Ik kan me blijven verbazen dat zoveel oude liederen de eeuwen overleefd hebben. Dat we vijfhonderd jaar muziek gewoon van het internet kunnen halen. De romance van de gevangene is bewaard gebleven omdat het was opgenomen in een liedboek dat indertijd voor het Spaanse hof werd samengesteld. Dit liedboek, het Cancionero de Palacio, bevat maar liefst vijfhonderd liedjes. En hier komen poëzie en werkelijkheid samen, want aan datzelfde hof bevond zich een prinses voor wie de woorden profetisch bleken: zij zou eindigen als gevangene …

Juana van Castilië. Bron: Wiki
Prinses en later koningin Juana ging de geschiedenis in als ‘Juana la Loca’ (loco betekent gek). Aan het einde van de vijftiende eeuw werd ze geboren in Toledo. Het schijnt dat de jonge prinses een zeer intelligente* dame was. Ze was voorbestemd voor een belangwekkend huwelijk en dat gebeurde ook, want ze trouwde (ze was toen zestien) met Filips de Schone, koning van Vlaanderen en nog een paar stukjes Europa.
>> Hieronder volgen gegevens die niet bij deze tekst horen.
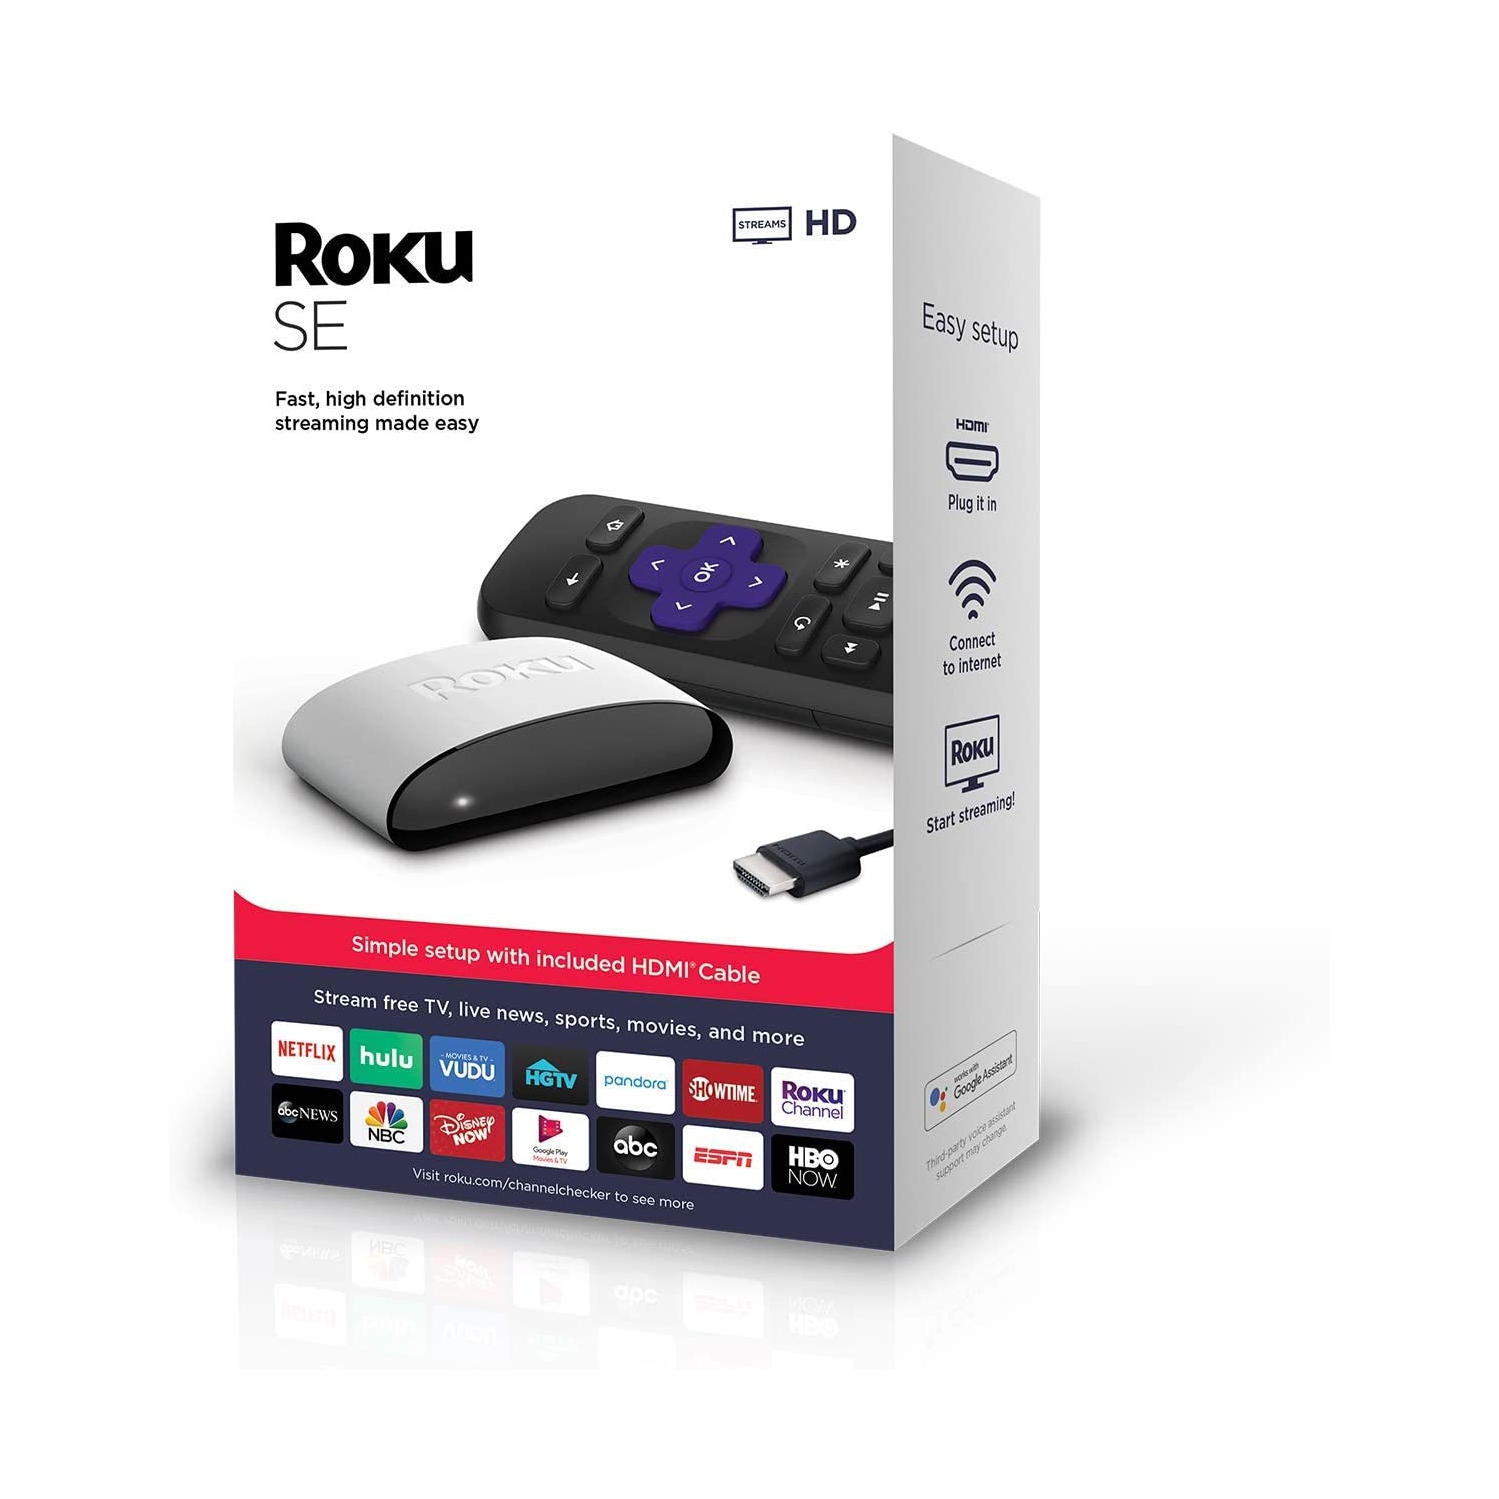 Roku SE Streaming Media Player 3930SE - Brand New - Black
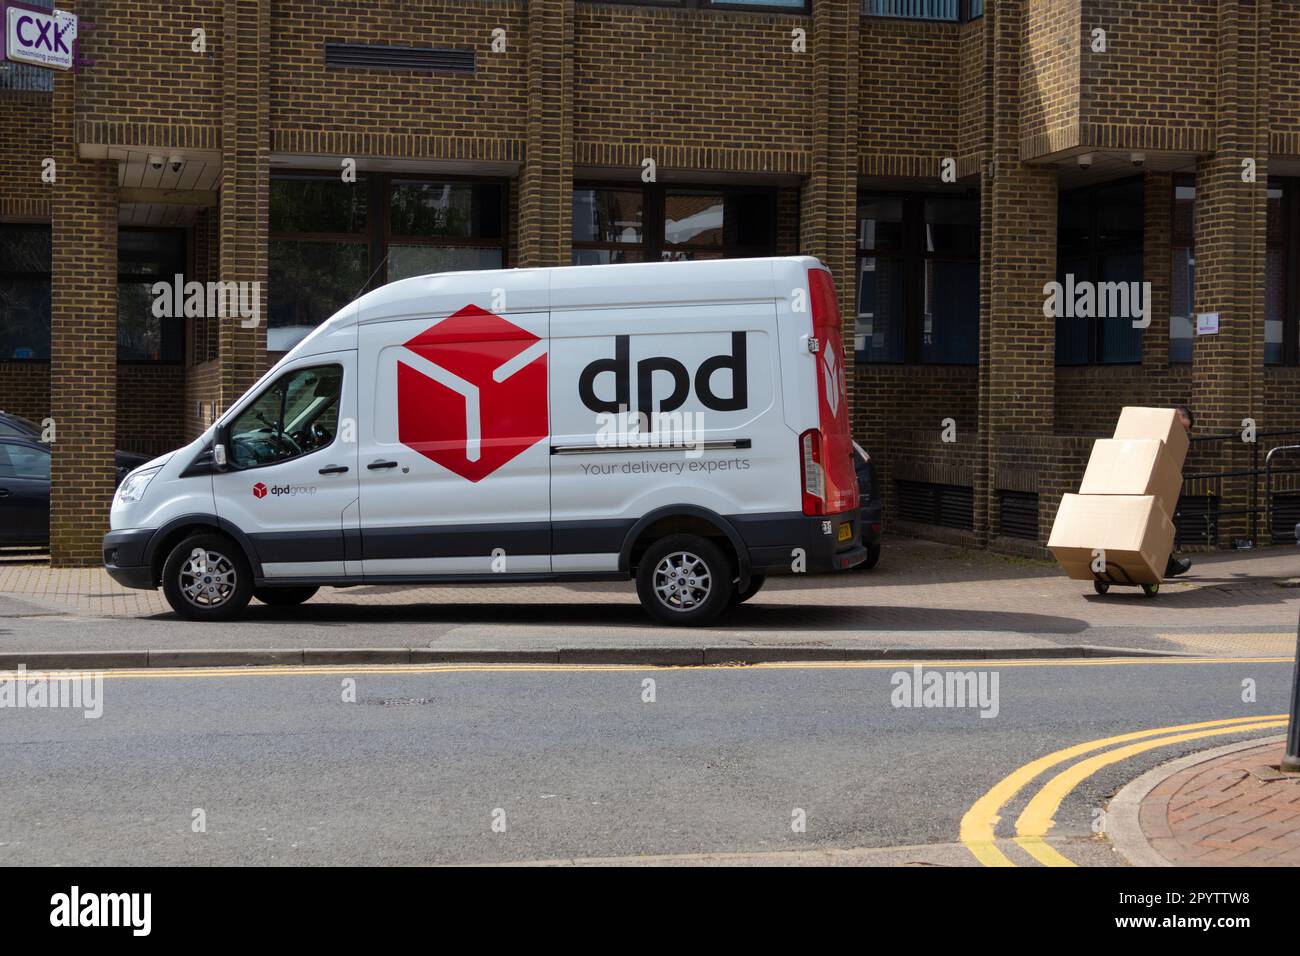 Camionnette de livraison DPD garée sur la chaussée avec des boîtes de transport de conducteur, ashford, kent, royaume-uni Banque D'Images

Ze vonden elkaar meteen tof en kregen maar liefst zes kinderen die allemaal overleefden. Zeer bijzonder voor die tijd, ik bedoel dat ze overleefden.

Toen haar broer stierf, werd Juana officieel erfgename van de Spaanse troon. Niet lang daarna verloor ze ook haar moeder en werd ze koningin. Niet fijn voor haar vader Ferdinand, want die was daarmee in één klap zijn koninklijke status kwijt. Heel toevallig staken rondom die tijd geruchten de kop op dat er iets mis was tussen de koninklijke oren van de nieuwe koningin. Een mooie gelegenheid voor pa (die munten liet slaan met het opschrift ‘Ferdinand en Juana, koning en koningin van Spanje’) maar ook voor haar knappe echtgenoot (die ook munten liet slaan, deze met het opschrift ‘Filips en Juana, koning en koningin van Spanje’).

Shakespeare mag van al die details een mooie tragedie maken, genaamd ‘Juana the Mad’, maar laten we het verhaal zo kort mogelijk houden. Juana was 25 jaar oud toen ze wilsonbekwaam verklaard werd en opgesloten in een klooster.
Daar werd in de loop van de jaren een kleine verzameling miniatuur-kopieën van het Cancionero, het liedboek, aangelegd. De kopietjes overleefden in de vorm van een boekje en zijn veel later bij het officiële Cancionero gevoegd. Misschien waren dit wel Juana’s lievelingsliedjes, uit de tijd dat ze nog koningin was. Ik stel me voor dat de hofmuzikanten ze voor haar speelden, of dat ze zelf haar gitaar ter hand nam, of danste op de aanstekelijke Spaanse ritmes.

Misschien heeft Juana in haar gevangenschap wel een paar stukken aan de nonnen voorgespeeld en gezegd: ‘Kunnen jullie me iemand sturen die deze liedjes wil uitschrijven? Dit zijn mijn favorieten, weet u. Volgens mij kan Zuster Infatigata dat wel doen, die heeft een goed muzikaal gehoor en ze kan zo mooi kalligraferen. Stuur haar toch eens langs vandaag or morgen.’

Vandaag of morgen… Juana had alle tijd. Ze werd achter die kloostermuren maar liefst 75 jaar oud. Het liedje Por mayo is, voor zover we weten, niet in dat boekje opgenomen. Maar de aangrijpende tekst lijkt geschreven voor Juana: het tragische lot van een vrouw die gek verklaard werd omdat het haar bloedeigen familie goed uitkwam.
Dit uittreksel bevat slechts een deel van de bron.